* [ABOUT THIS TASK]:
Give back the lines below verbatim, omitting all pictures.

* [PROVIDED DATA]:
+++

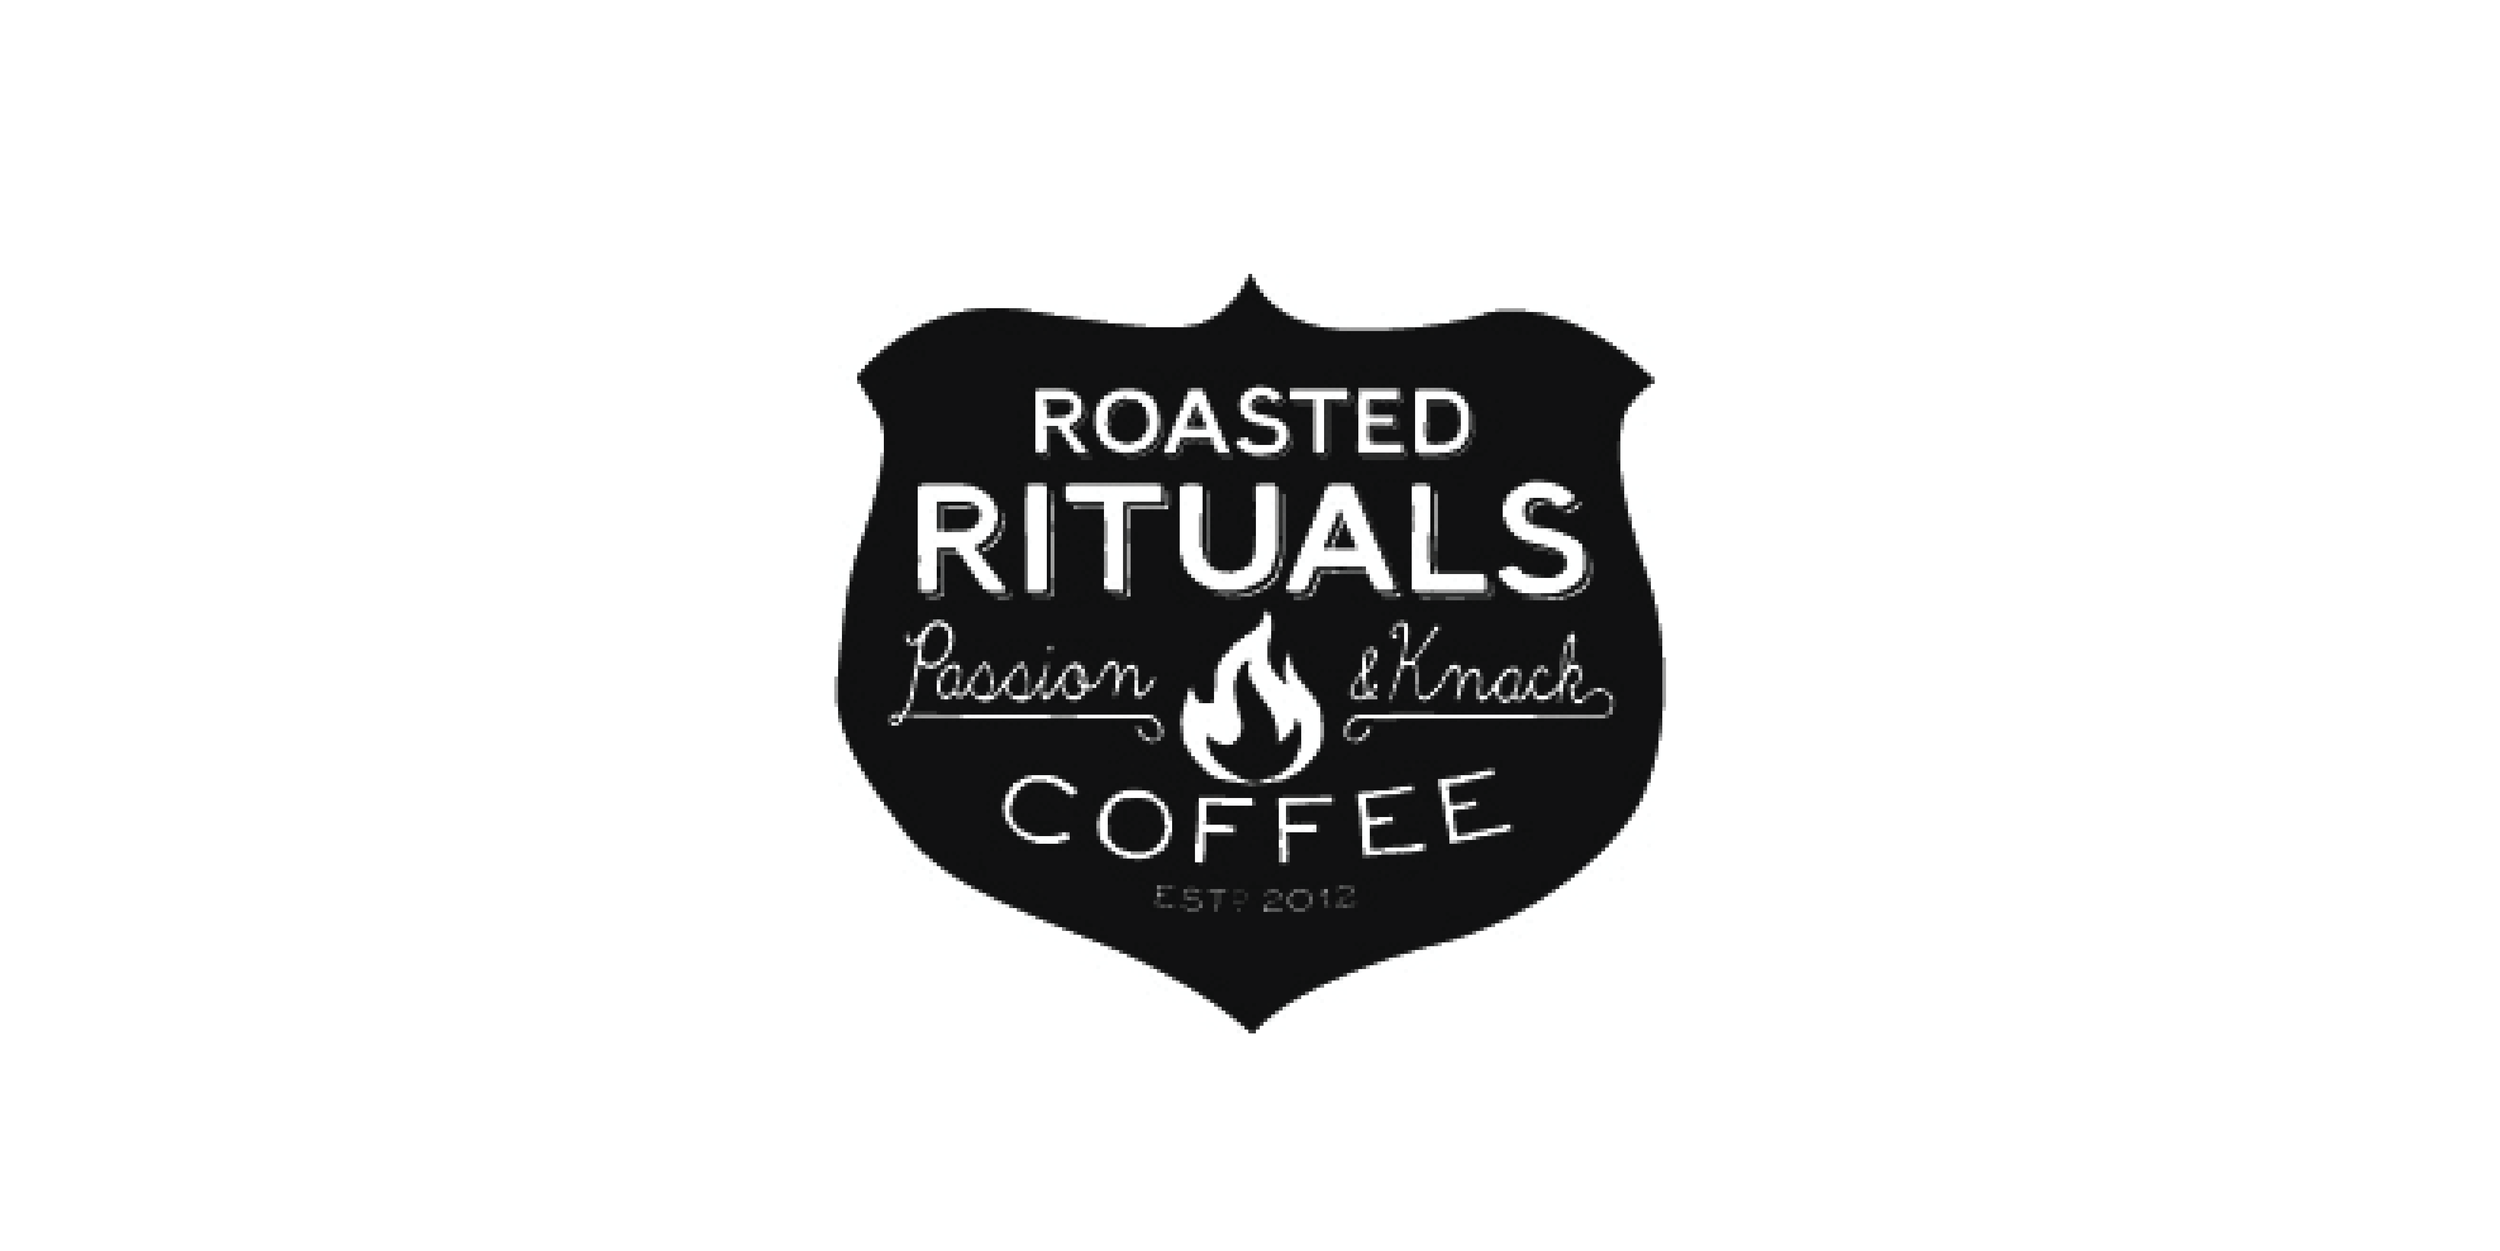 Roasted Rituals
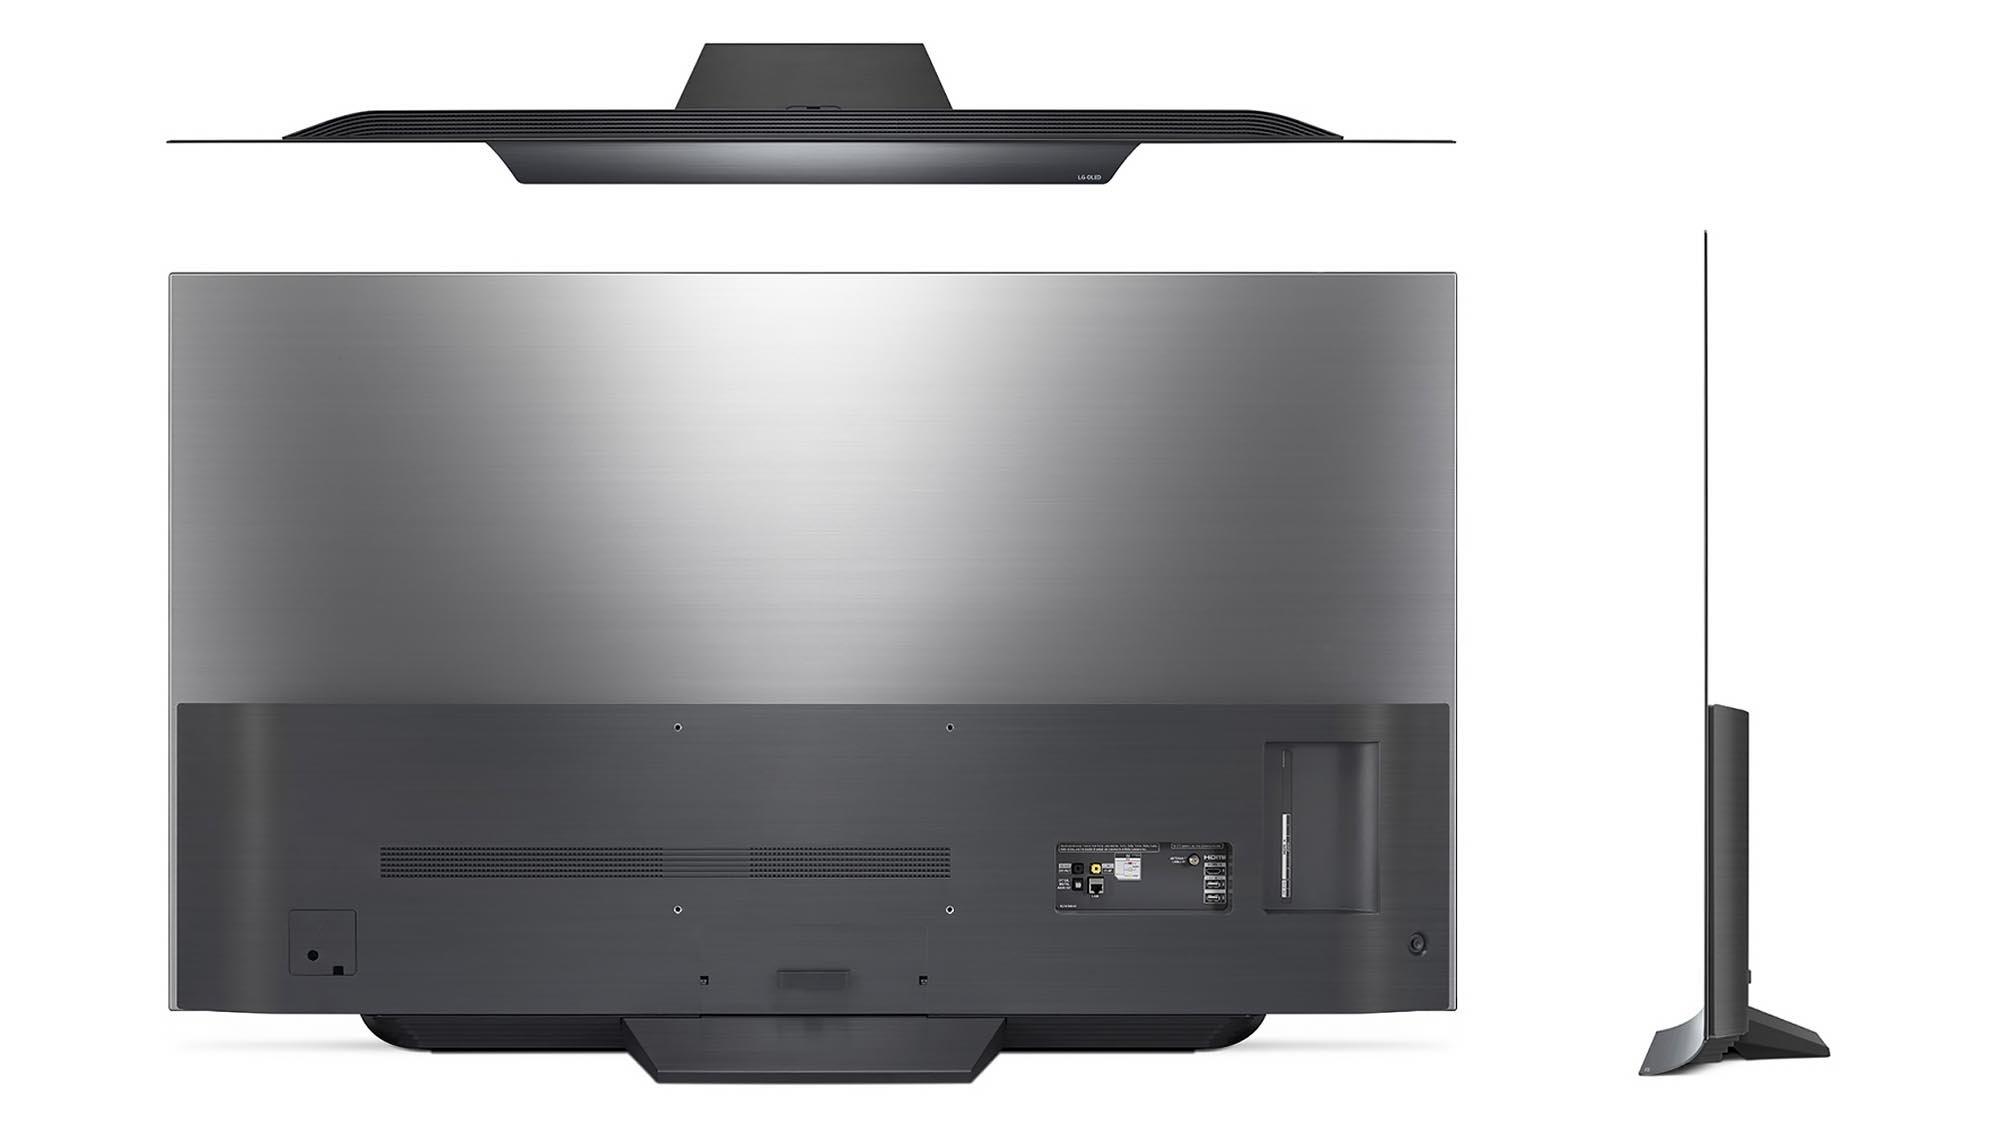 LG OLED77C8 (C8 OLED) review: Another world-beating OLED
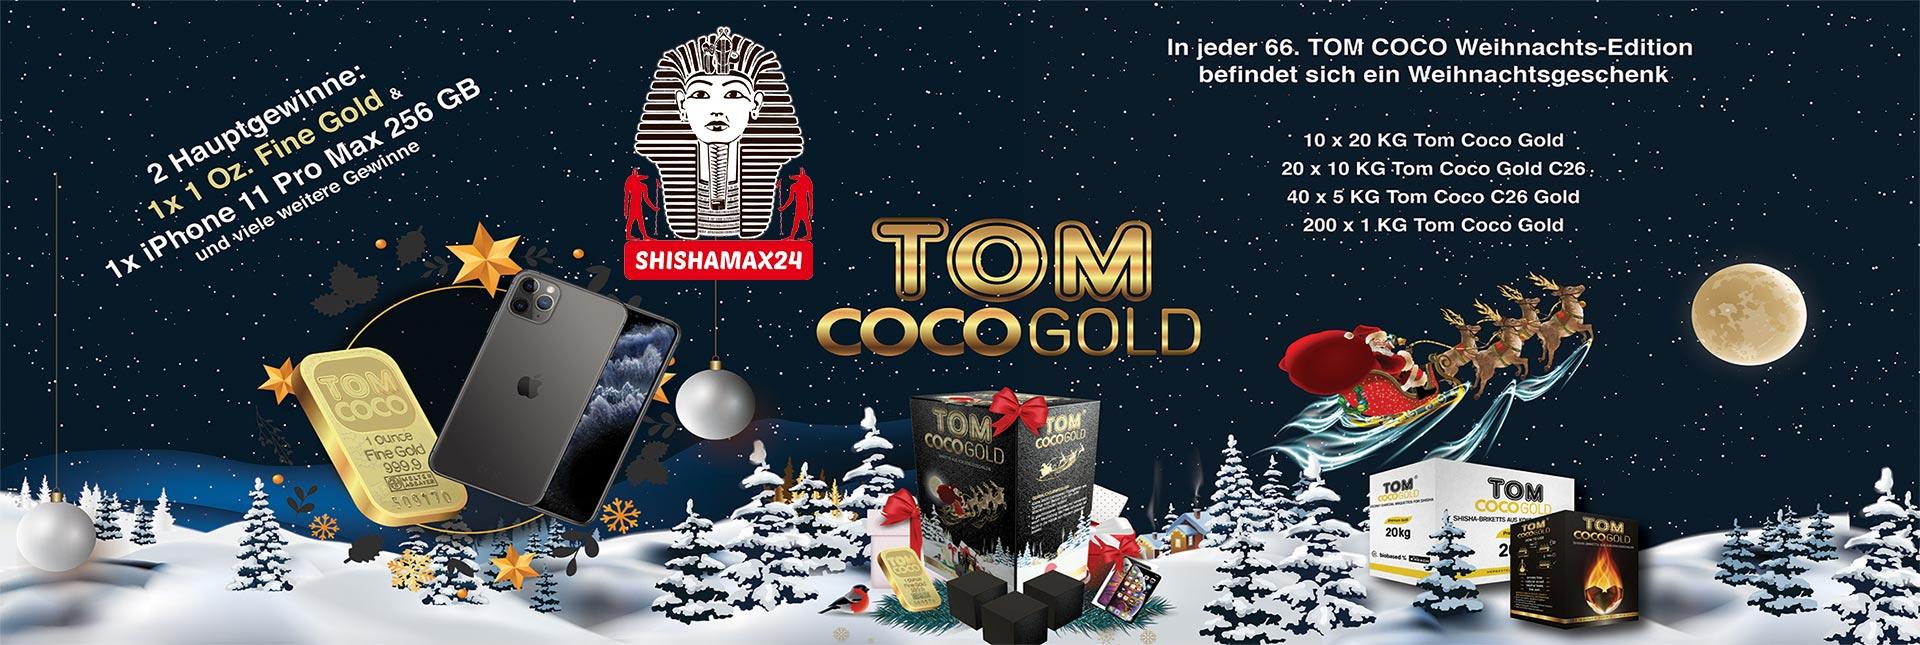 TOM COCOGOLD

+++

* [WORKED SOLUTION]:
 Roasted Rituals
 LG OLED77C8 (C8 OLED) review: Another world-beating OLED
 TOM COCOGOLD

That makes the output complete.